Aim of the task:
Output exactly, and only, the lines below from the one with "從川尻站步行約11分鐘 可以品嚐到高級熟成肉的烤肉店在川尻站開業了！" down to the one with "O maior Buda do Ocidente e fica no Brasil". Include both end lines and no pictures.

Source information:
────────────────

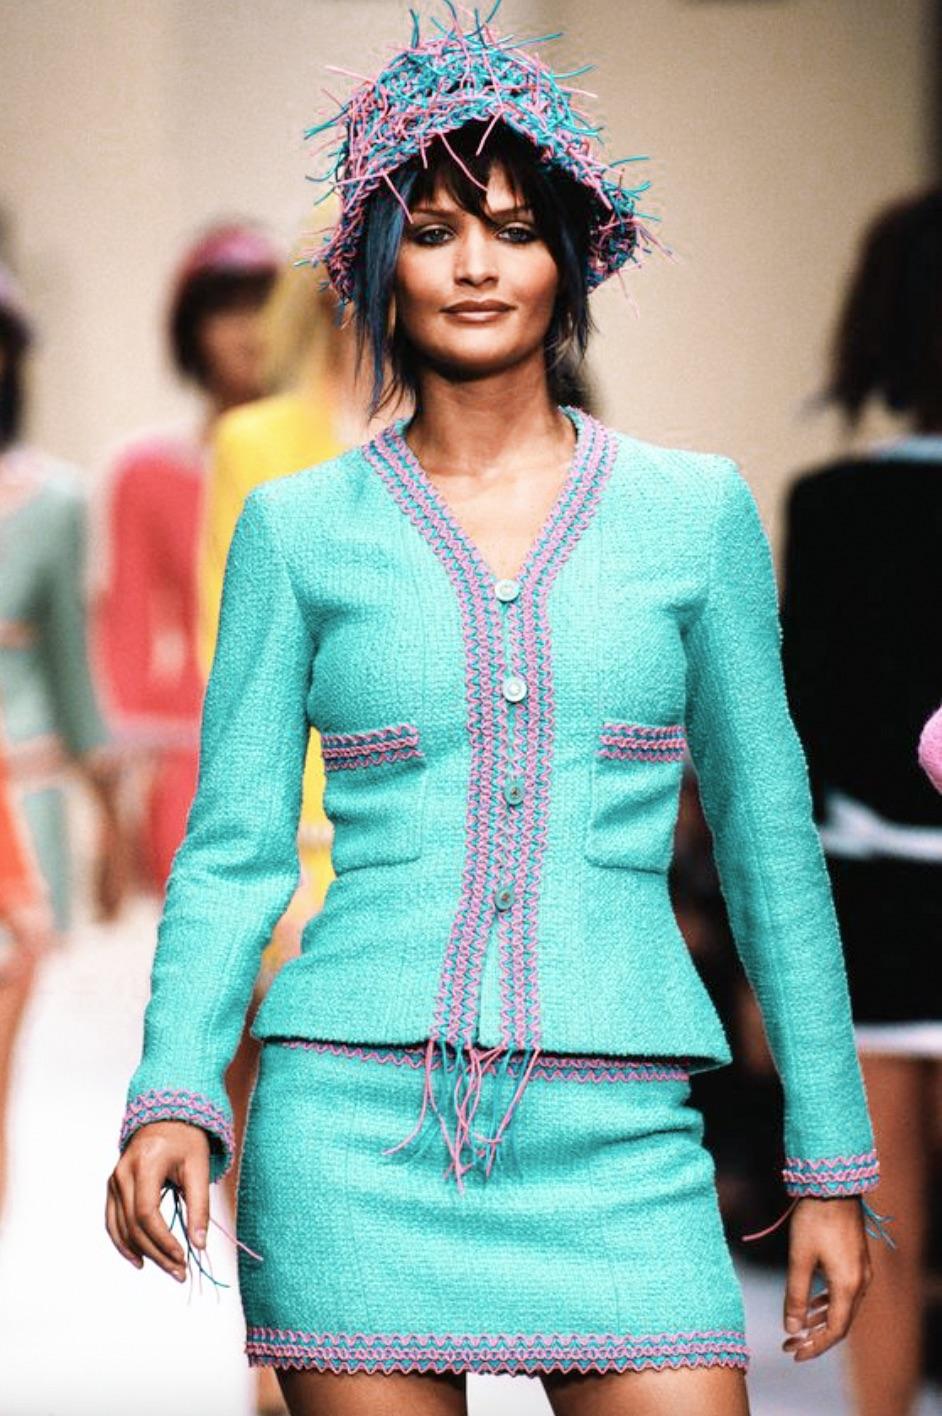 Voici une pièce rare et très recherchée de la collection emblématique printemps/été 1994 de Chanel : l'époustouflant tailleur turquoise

────────────────

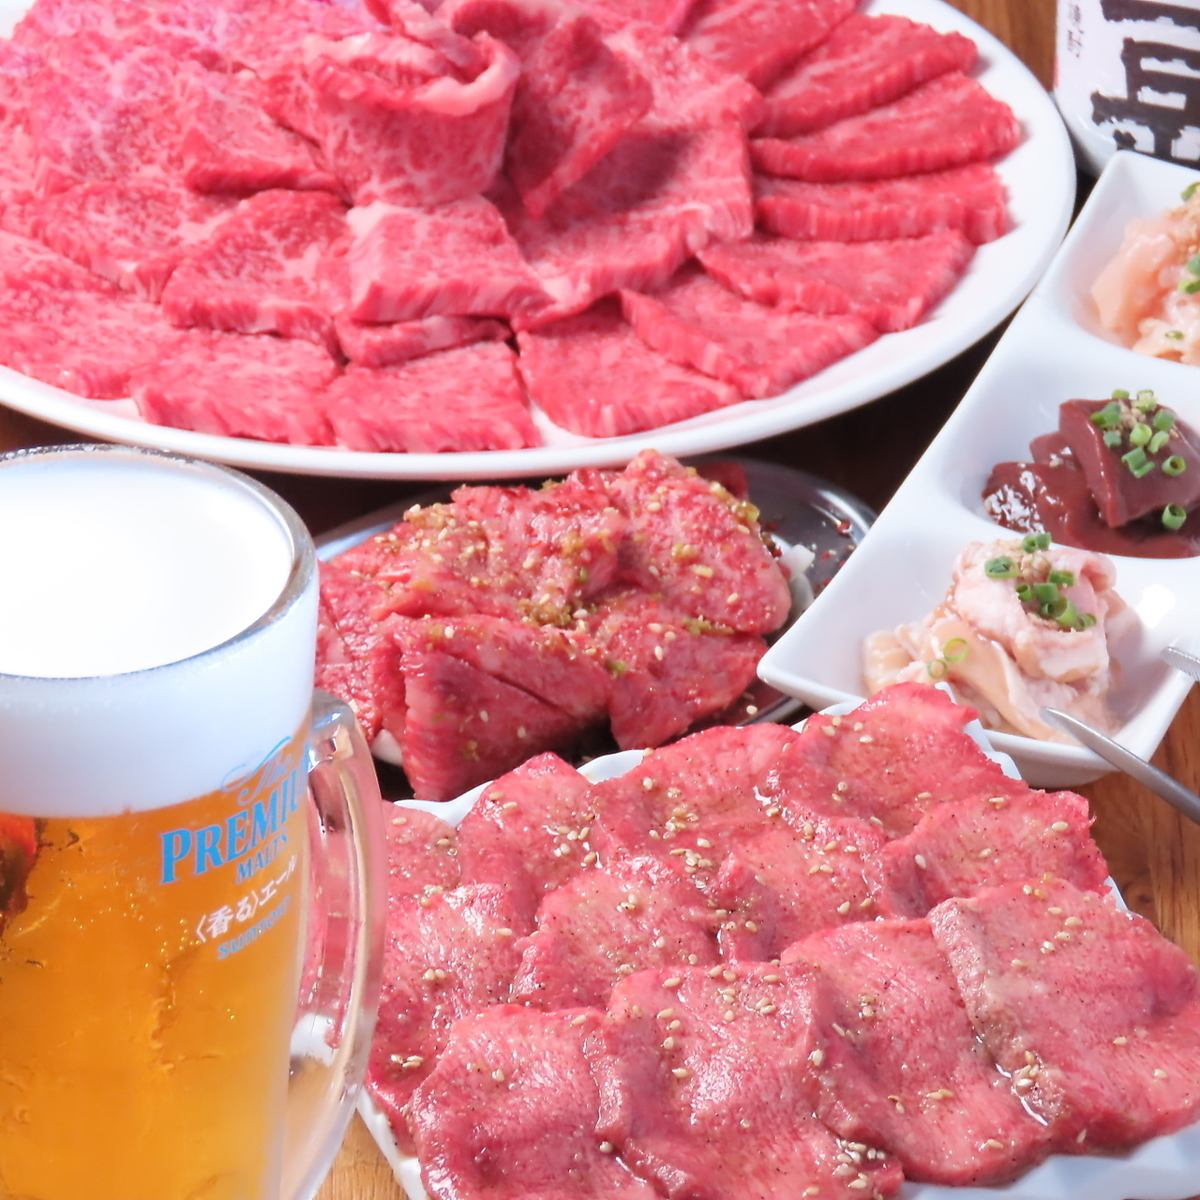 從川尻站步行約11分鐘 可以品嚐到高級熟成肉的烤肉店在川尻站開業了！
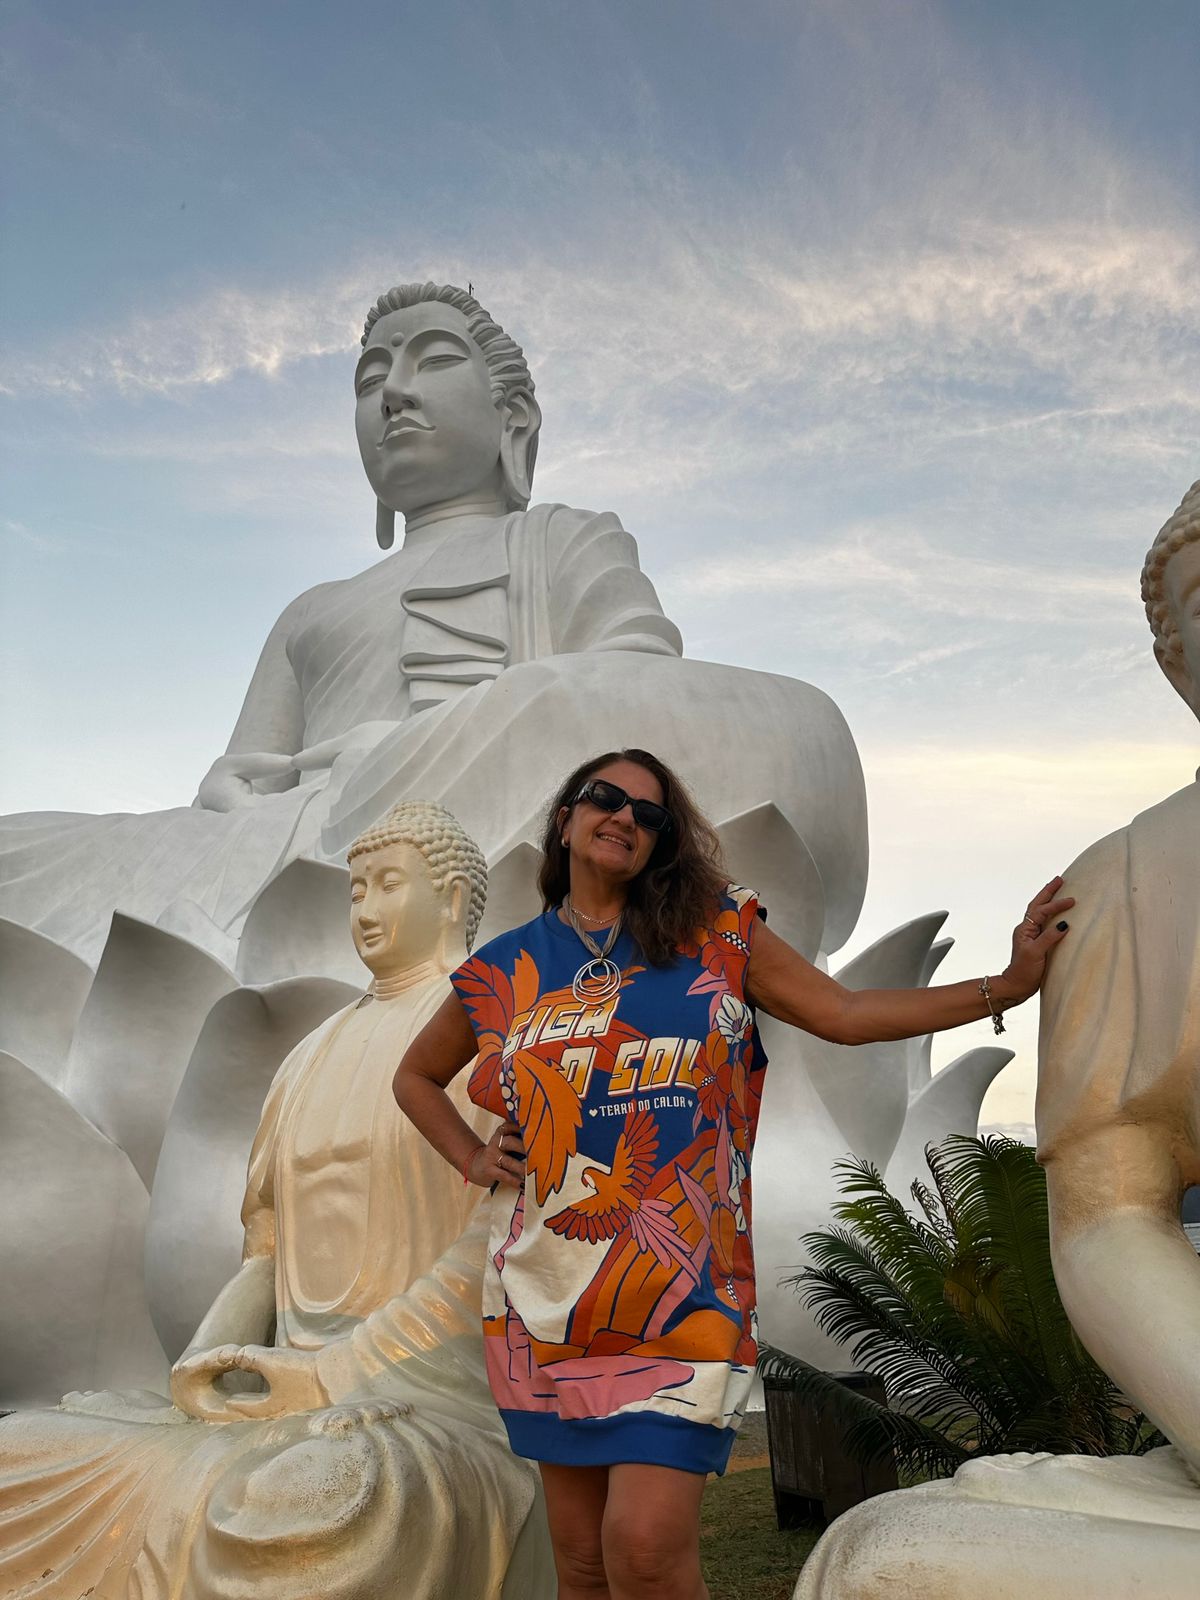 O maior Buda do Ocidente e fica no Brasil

────────────────

Written response:
 從川尻站步行約11分鐘 可以品嚐到高級熟成肉的烤肉店在川尻站開業了！
 O maior Buda do Ocidente e fica no Brasil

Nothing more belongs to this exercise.